AVAILABLE DATA: Begin

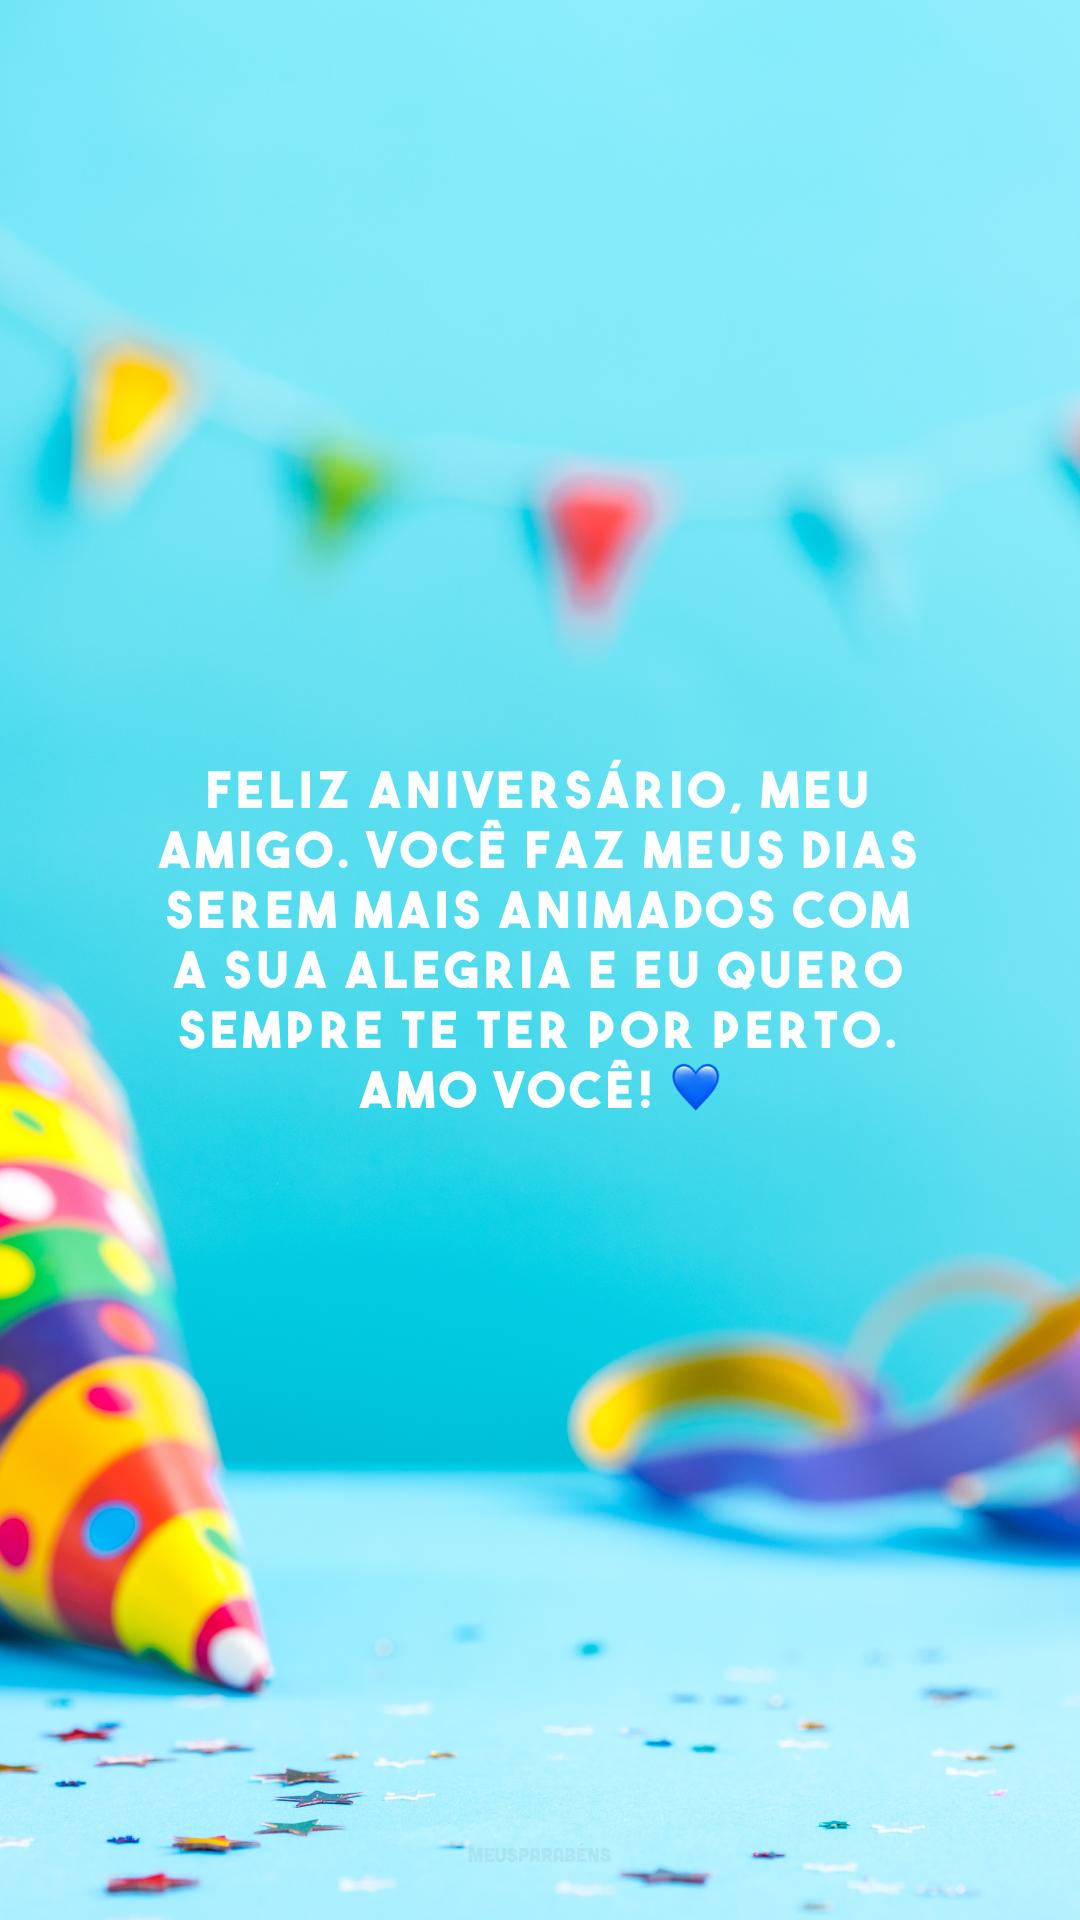 Feliz aniversário, meu amigo. Você faz meus dias serem mais animados com a sua alegria e eu quero sempre te ter por perto. Amo você! 💙
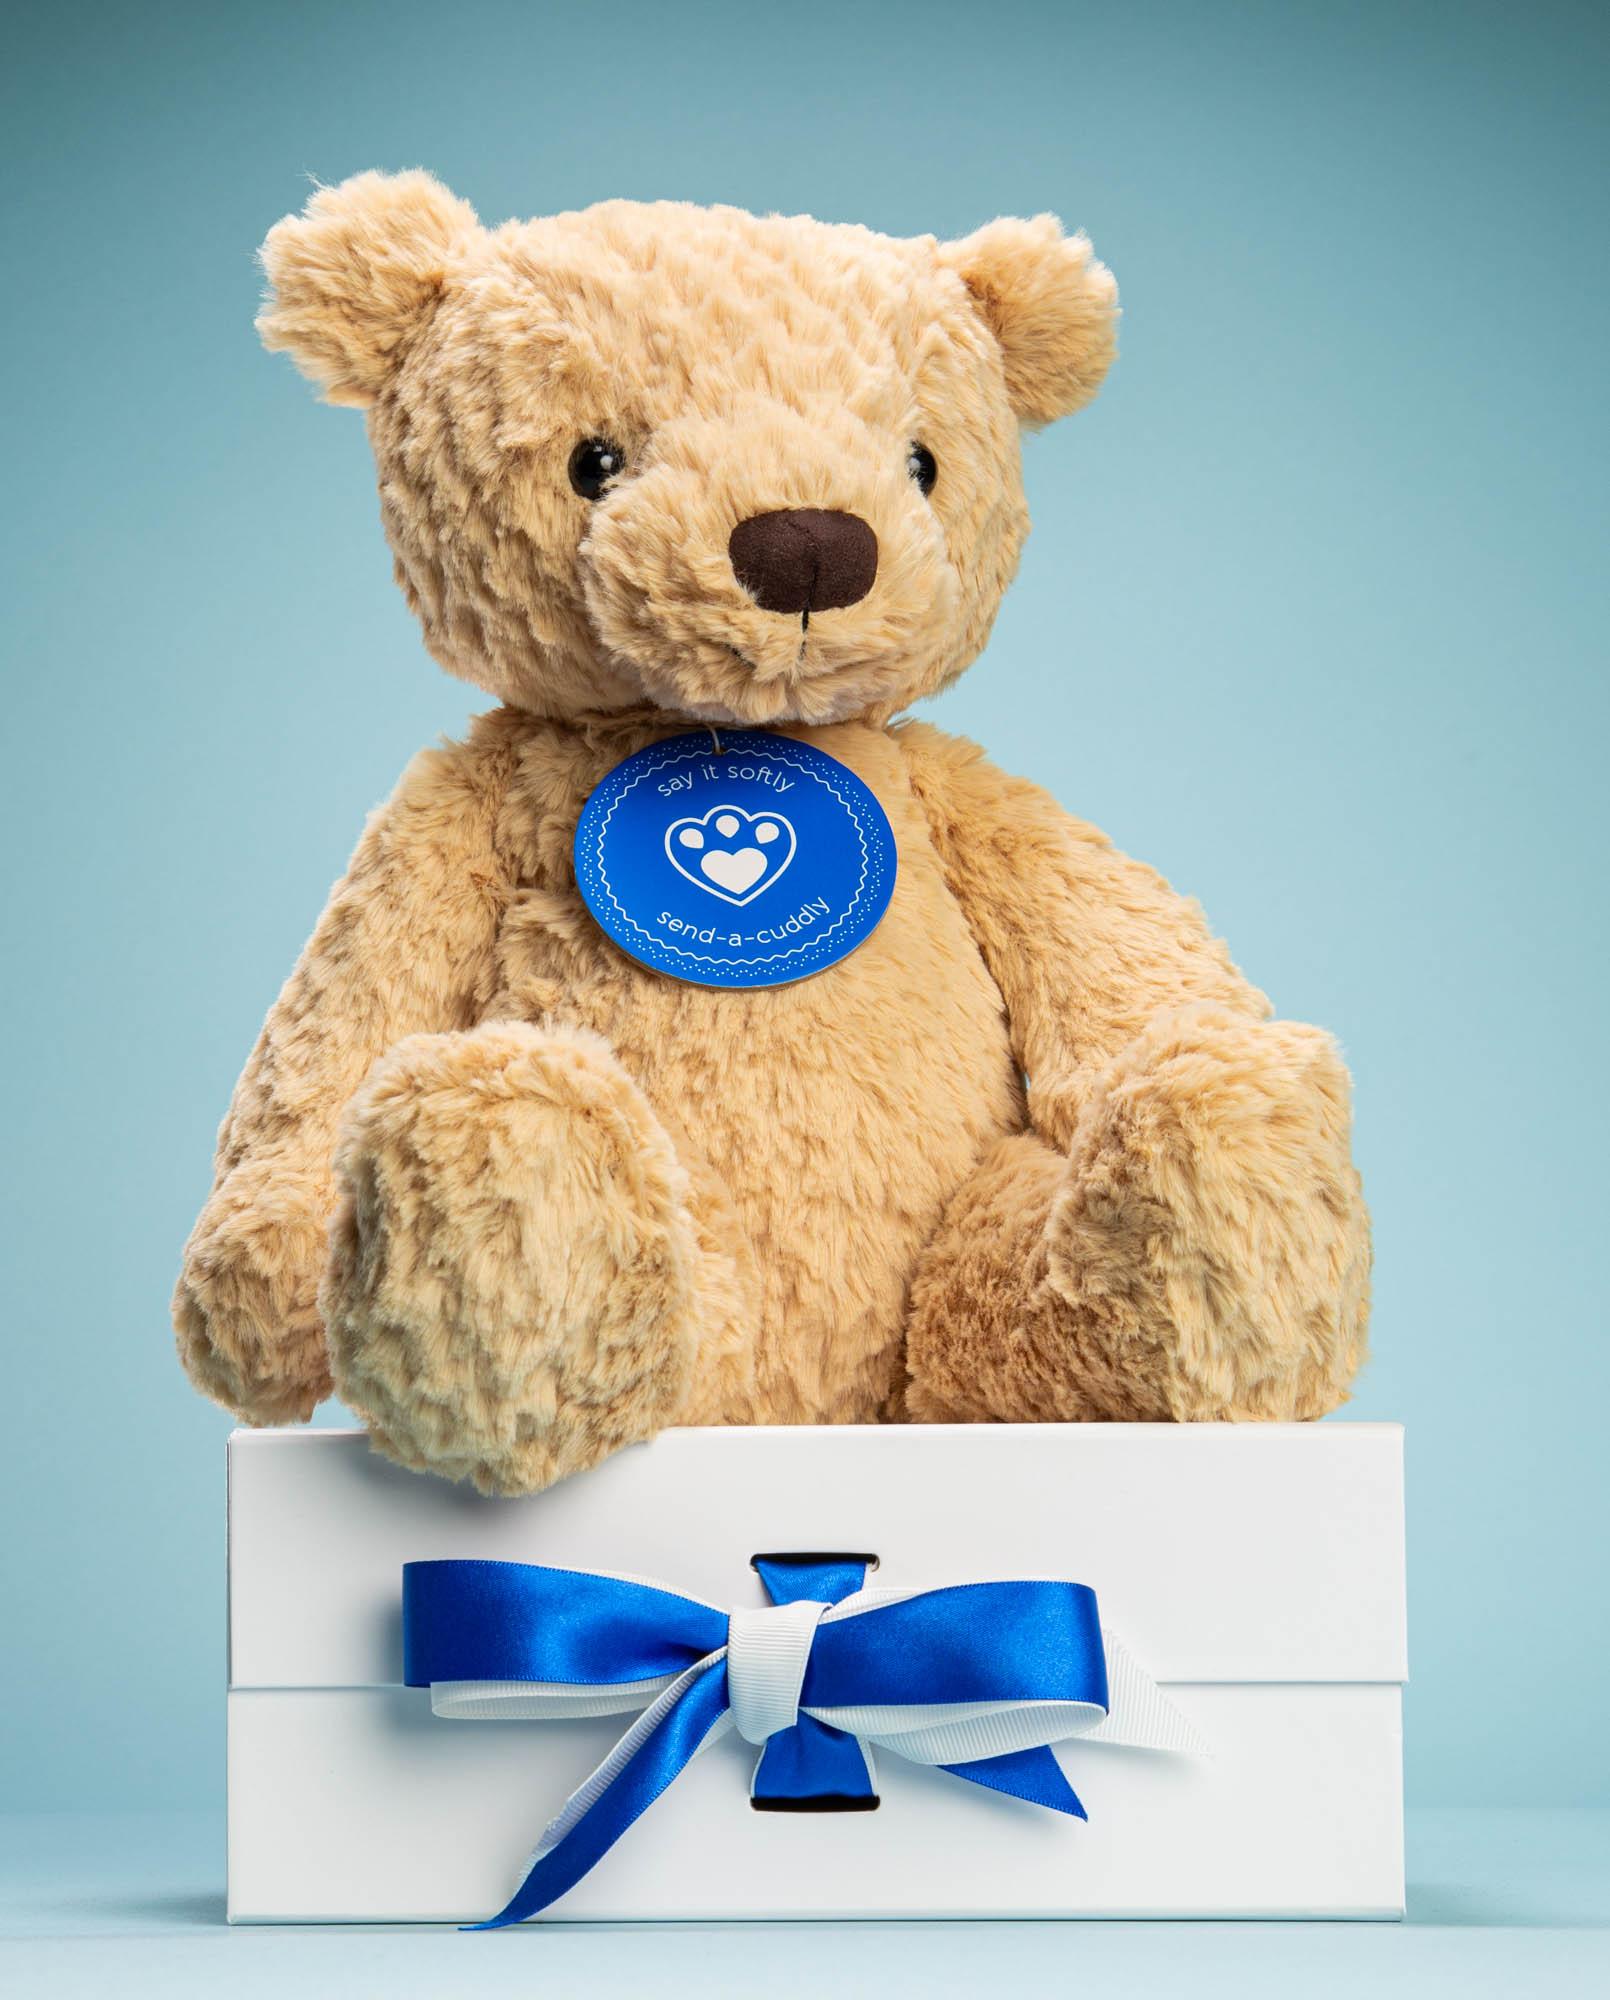 Finley Teddy Bear soft toy gift - Send a Cuddly
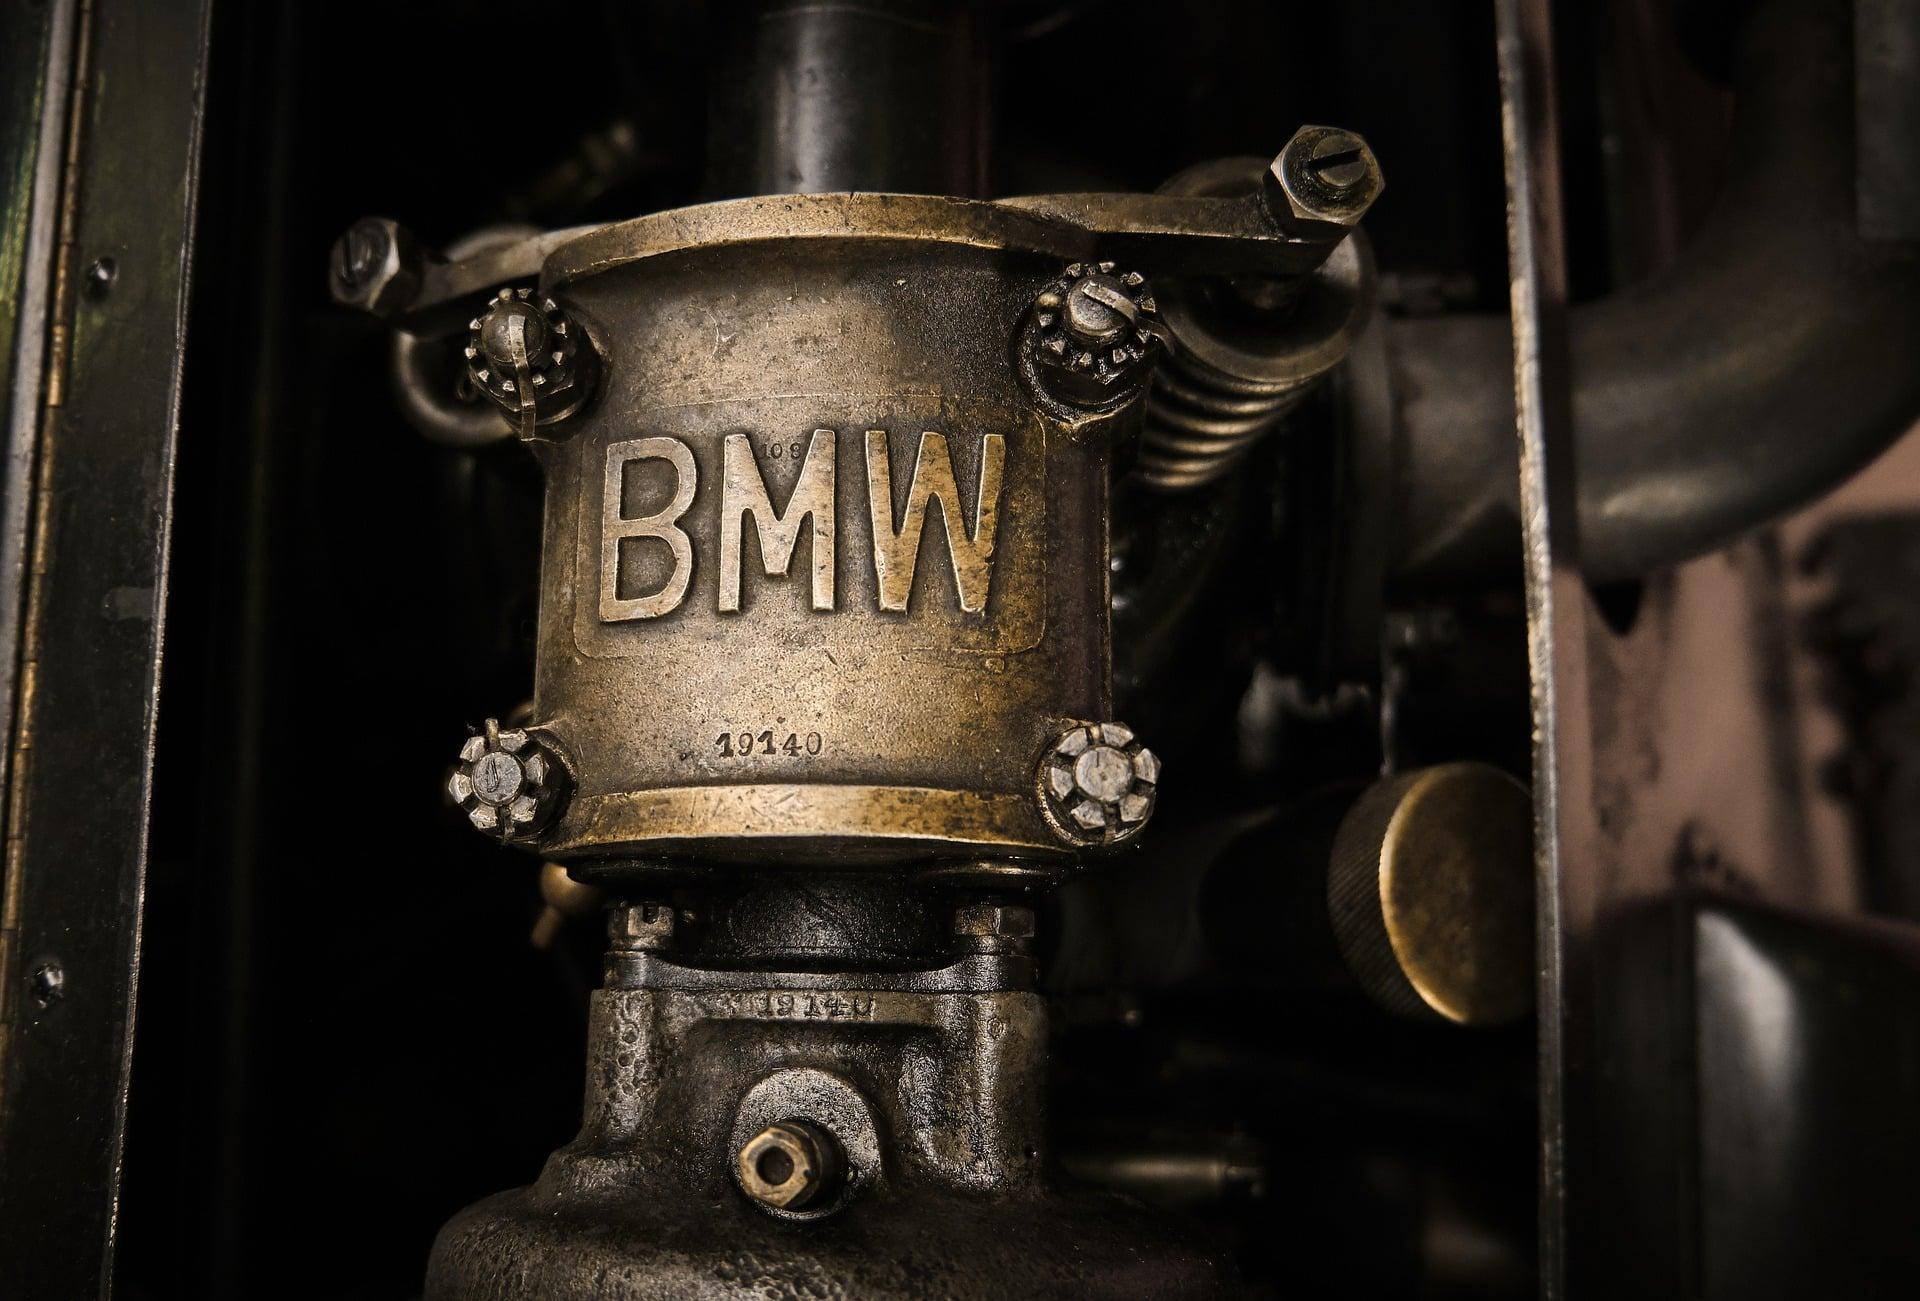 BMW vs DMW - krótka historia o tym, jak indyjska riksza zwróciła uwagę giganta motoryzacyjnego

AVAILABLE DATA: End

◆ WHAT TO WORK ON ◆
Reproduce the listing verbatim, and keep the pictures out of the copy.

◆ ANSWER TO THE EXERCISE ◆
 Feliz aniversário, meu amigo. Você faz meus dias serem mais animados com a sua alegria e eu quero sempre te ter por perto. Amo você! 💙
 Finley Teddy Bear soft toy gift - Send a Cuddly
 BMW vs DMW - krótka historia o tym, jak indyjska riksza zwróciła uwagę giganta motoryzacyjnego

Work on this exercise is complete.